Section VIII — Applied Tensegrity
Tensegrity thinking is not abstract theory. It is a design framework with immediate, practical implications across medicine, robotics, and architecture.

Understanding the body as a tensegrity system transforms surgical approach. Cutting a fascial plane doesn't just affect the local area — it disrupts the entire tensional network. Future surgical planning will model these systemic effects before the first incision.
If the body is a tensegrity, rehabilitation must address the whole system, not isolated muscles. Movement retraining becomes about restoring tensional balance across the entire fascial web — not strengthening individual components in isolation.
Tensegrity robots are already being developed at NASA and Harvard. They are lightweight, resilient, and can navigate terrain that would destroy rigid machines. The human body is the original soft robot — and its design principles are being reverse-engineered.
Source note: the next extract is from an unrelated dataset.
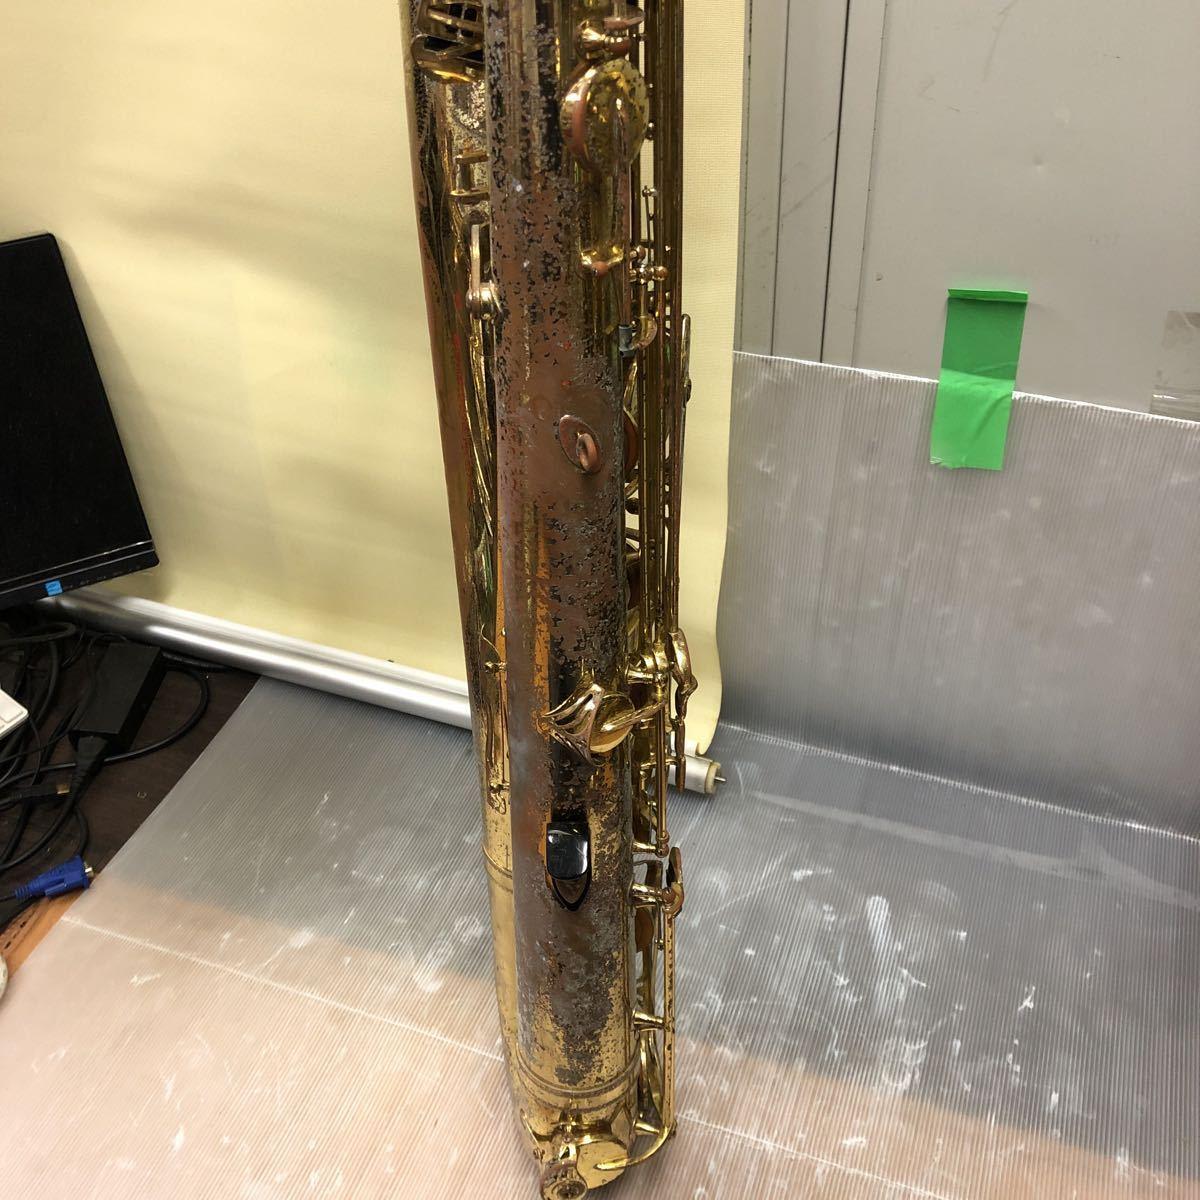 ★YAMAHA★ヤマハ バリトンサックス YBS-61 木管楽器 プロモデル 5388 ヴィンテージ 中古現状品 _画像7

Tensegrity structures in architecture achieve remarkable strength-to-weight ratios. The Kurilpa Bridge in Brisbane, Kenneth Snelson's sculptures, and experimental tensegrity buildings all demonstrate that Fuller's principles scale from the cellular to the civilizational.

Section IX — Declaration
The human body is the most sophisticated tensegrity structure in the known universe.
It is not a machine. It is not a collection of parts. It is a continuous tension network with isolated compression elements, organized by spiral geometry, sustained by flow networks, and governed by the same principles that structure geodesic domes, crystal lattices, and the fabric of spacetime itself.
For too long, we have studied the body by taking it apart. We have named the pieces, cataloged the fragments, and mistaken the inventory for understanding. But you cannot understand a tensegrity by disassembling it. The moment you cut a tension line, the entire structure transforms. The system is the intelligence.
This is not a new idea. It is an ancient idea, rediscovered through geometry. Fuller saw it. Levin saw it. The body has been demonstrating it for four billion years.
We propose a new way of seeing:
See the body as geometry, not anatomy.
See movement as force flow, not muscle contraction.
See health as tensional balance, not the absence of disease.
See the human as a living proof that whole-systems design works.
The tensegrity human is not a metaphor. It is a structural fact. And it changes everything.